**Problem requirements**
For the word "image", count the lines of the records that hold it, and give only that number.

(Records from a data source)
++++++++++++++++++++

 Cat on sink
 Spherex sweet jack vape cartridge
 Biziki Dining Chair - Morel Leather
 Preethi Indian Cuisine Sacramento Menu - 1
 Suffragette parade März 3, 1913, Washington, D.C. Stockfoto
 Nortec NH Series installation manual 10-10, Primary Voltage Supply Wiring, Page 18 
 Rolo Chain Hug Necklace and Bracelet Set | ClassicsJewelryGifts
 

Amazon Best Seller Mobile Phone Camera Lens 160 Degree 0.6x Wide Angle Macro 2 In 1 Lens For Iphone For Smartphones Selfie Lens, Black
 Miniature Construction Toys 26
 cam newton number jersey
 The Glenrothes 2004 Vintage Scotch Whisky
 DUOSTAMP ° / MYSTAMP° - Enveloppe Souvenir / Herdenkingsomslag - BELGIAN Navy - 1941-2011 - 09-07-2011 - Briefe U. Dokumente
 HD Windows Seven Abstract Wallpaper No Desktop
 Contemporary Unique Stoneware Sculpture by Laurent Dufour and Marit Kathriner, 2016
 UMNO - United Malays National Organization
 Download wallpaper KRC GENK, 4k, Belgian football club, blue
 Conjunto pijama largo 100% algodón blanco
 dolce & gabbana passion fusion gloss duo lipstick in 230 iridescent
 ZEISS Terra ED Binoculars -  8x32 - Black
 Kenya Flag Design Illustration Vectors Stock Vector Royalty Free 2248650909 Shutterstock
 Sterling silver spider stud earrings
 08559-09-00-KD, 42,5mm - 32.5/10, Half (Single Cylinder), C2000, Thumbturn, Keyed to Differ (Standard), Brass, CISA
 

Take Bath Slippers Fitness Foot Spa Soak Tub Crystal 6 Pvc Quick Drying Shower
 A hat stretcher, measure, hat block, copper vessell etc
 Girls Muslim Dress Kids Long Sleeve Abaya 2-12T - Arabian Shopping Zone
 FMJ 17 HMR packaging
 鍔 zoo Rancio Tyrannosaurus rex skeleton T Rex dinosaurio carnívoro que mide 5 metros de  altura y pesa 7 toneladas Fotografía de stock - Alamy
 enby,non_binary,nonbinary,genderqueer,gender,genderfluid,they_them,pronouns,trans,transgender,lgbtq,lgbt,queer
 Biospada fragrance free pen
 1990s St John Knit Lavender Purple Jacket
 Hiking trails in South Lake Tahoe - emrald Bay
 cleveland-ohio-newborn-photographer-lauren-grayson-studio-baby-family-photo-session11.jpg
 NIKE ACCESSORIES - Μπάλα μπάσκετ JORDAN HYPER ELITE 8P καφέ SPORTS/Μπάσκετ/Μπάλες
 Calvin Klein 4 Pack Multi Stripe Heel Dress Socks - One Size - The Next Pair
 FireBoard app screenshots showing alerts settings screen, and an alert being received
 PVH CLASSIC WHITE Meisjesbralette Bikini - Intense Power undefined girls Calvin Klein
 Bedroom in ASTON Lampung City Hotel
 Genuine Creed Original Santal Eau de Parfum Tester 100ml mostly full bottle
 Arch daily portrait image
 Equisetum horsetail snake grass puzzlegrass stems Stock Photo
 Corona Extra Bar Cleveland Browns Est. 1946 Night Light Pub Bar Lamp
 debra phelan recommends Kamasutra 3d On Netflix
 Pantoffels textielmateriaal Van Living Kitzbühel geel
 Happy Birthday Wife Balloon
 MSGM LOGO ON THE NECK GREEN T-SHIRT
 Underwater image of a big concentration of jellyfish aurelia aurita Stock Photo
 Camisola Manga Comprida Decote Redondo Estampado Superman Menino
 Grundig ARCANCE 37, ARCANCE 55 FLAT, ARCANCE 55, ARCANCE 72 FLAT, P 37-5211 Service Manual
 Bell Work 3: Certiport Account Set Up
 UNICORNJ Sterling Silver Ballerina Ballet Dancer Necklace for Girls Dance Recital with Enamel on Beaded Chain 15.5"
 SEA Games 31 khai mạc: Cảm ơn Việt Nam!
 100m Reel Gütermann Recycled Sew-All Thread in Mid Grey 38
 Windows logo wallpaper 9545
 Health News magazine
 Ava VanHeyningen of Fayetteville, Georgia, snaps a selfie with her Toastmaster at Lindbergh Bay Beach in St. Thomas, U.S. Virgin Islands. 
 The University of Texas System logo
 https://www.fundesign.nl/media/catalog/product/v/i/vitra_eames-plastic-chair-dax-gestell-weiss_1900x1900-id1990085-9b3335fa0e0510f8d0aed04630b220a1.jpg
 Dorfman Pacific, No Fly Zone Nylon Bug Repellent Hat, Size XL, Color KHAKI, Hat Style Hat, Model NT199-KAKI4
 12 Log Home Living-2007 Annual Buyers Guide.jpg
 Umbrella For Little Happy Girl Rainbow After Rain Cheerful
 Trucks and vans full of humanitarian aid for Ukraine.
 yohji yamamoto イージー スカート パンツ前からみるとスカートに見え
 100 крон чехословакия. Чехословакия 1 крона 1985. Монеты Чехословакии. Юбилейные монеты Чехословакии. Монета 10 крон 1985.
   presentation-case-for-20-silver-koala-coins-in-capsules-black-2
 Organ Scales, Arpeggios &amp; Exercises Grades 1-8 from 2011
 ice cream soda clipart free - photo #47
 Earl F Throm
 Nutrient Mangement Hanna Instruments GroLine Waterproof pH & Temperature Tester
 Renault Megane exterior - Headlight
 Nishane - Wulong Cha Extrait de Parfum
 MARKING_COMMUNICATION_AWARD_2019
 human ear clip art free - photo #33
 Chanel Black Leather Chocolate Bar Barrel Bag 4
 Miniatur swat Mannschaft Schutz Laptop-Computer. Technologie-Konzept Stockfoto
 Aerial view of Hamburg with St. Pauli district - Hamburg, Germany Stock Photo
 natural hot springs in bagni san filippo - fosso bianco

++++++++++++++++++++

**Answer to this exercise**
2